Читаем Закат Западного мира. Очерки морфологии мировой истории. Том 2 полностью

Темп языковой истории чудовищно скор. Уже столетие означает здесь очень много. Вспоминается язык жестов североамериканских индейцев, сделавшийся необходимым, потому что стремительное изменение диалектов исключило другой способ наладить взаимопонимание между племенами. Можно также сравнить открытую недавно на форуме надпись (ок. 500) с латынью Плавта (ок. 200), а его язык – с языком Цицерона. Если принять, что древнейшие ведические тексты отразили состояние языка на 1200 г., то уже состояние 2000 г. окажется настолько иным, что никакого, даже самого отдаленного о нем представления не сможет составить ученый-индогерманист с его методом обратных заключений.

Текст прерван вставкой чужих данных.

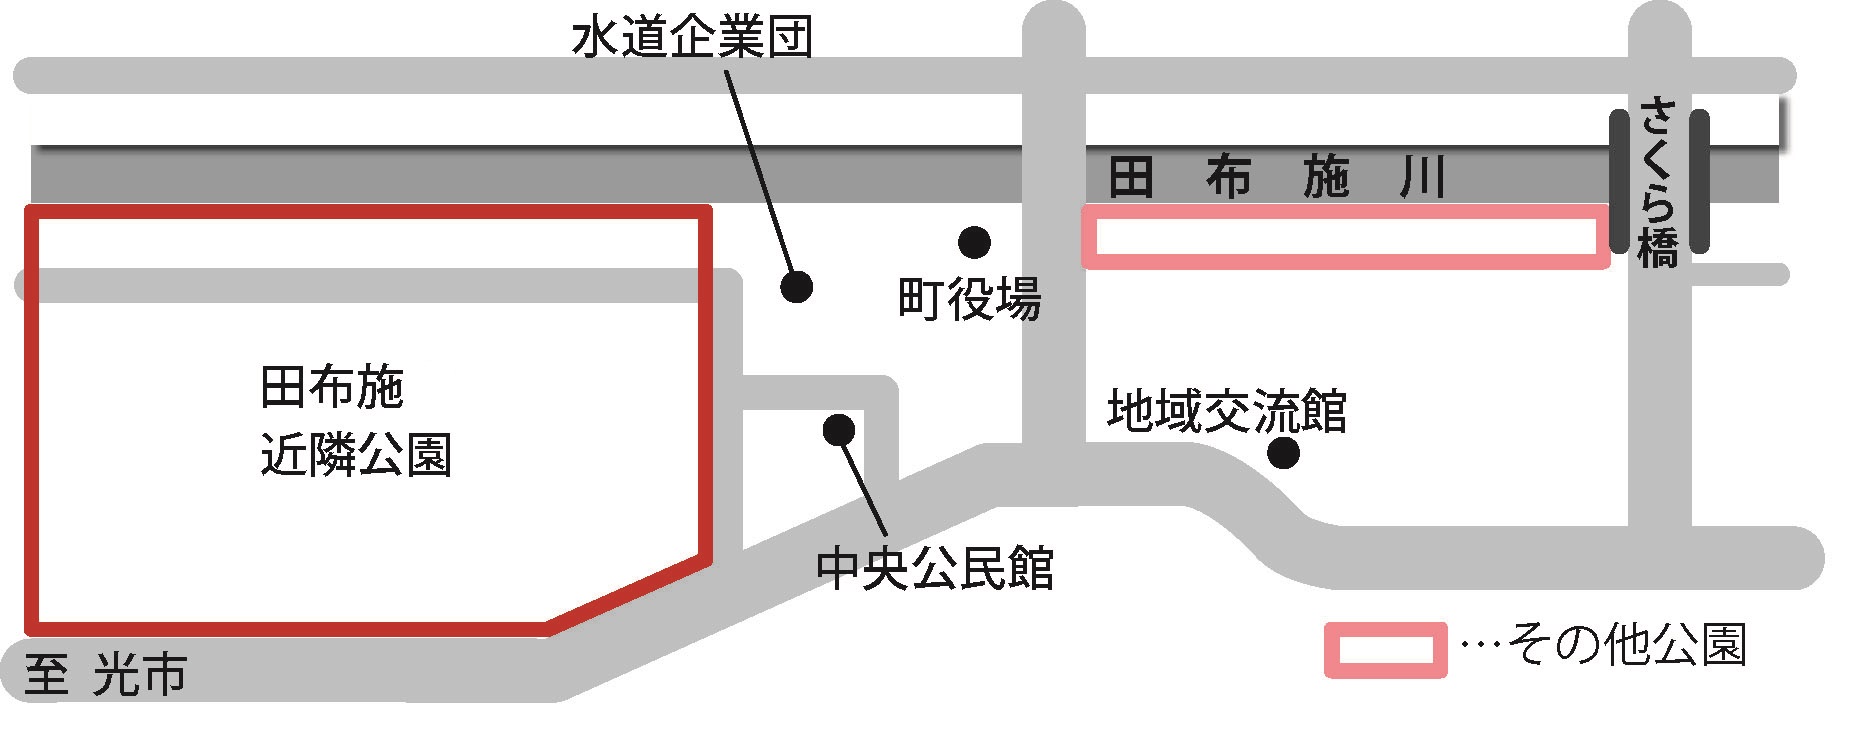 田布施近隣公園の位置を示した図
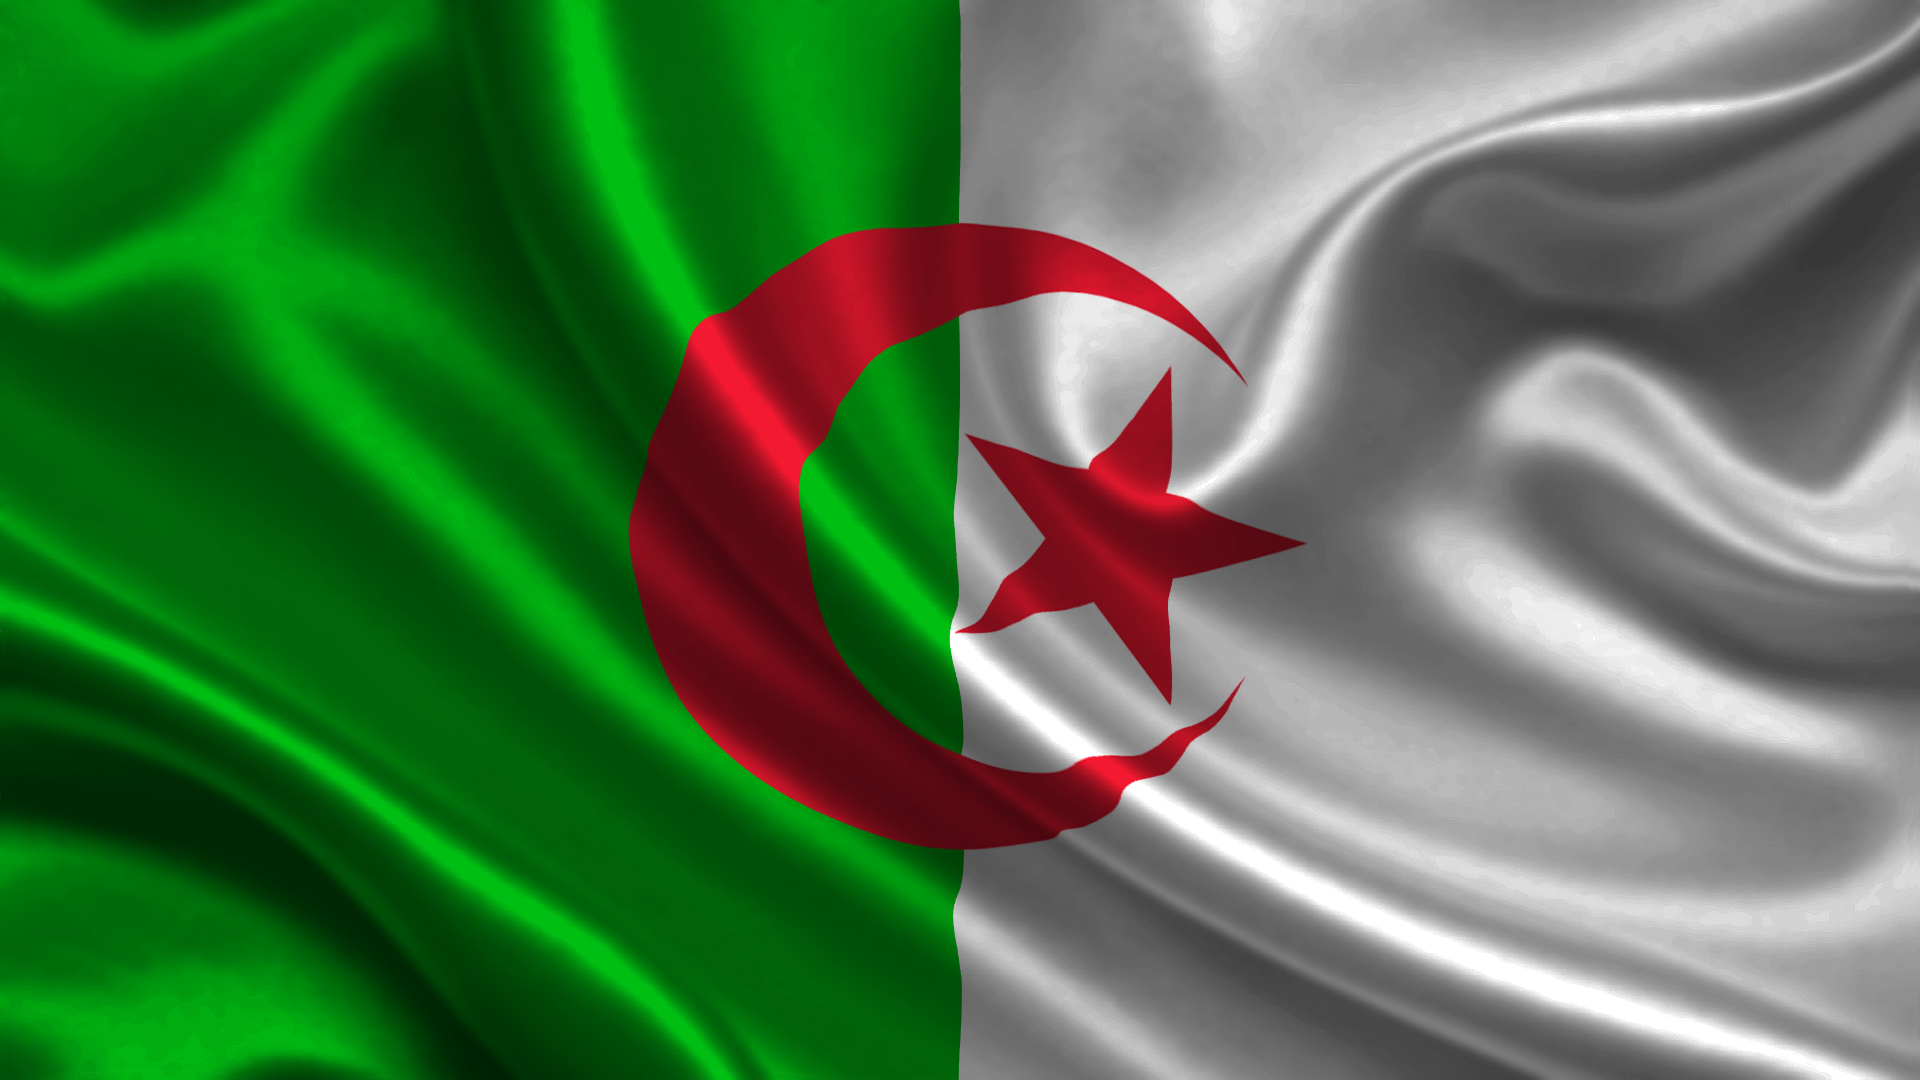 صور علم الجزائر رمزيات وخلفيات العلم الجزائري  ميكساتك

Однако allegro обращается в lento в тот самый момент, как на сцену является письмо, язык длительности, удерживая систему на совершенно различных возрастных ступенях и ее парализуя. Именно потому все развитие оказывается от нас скрытым: мы обладаем лишь остатками письменных языков. От египетского и вавилонского языкового мира у нас еще имеются оригиналы от 3000 г., однако древнейшие индогерманские остатки – это копии, языковое состояние которых куда младше содержания.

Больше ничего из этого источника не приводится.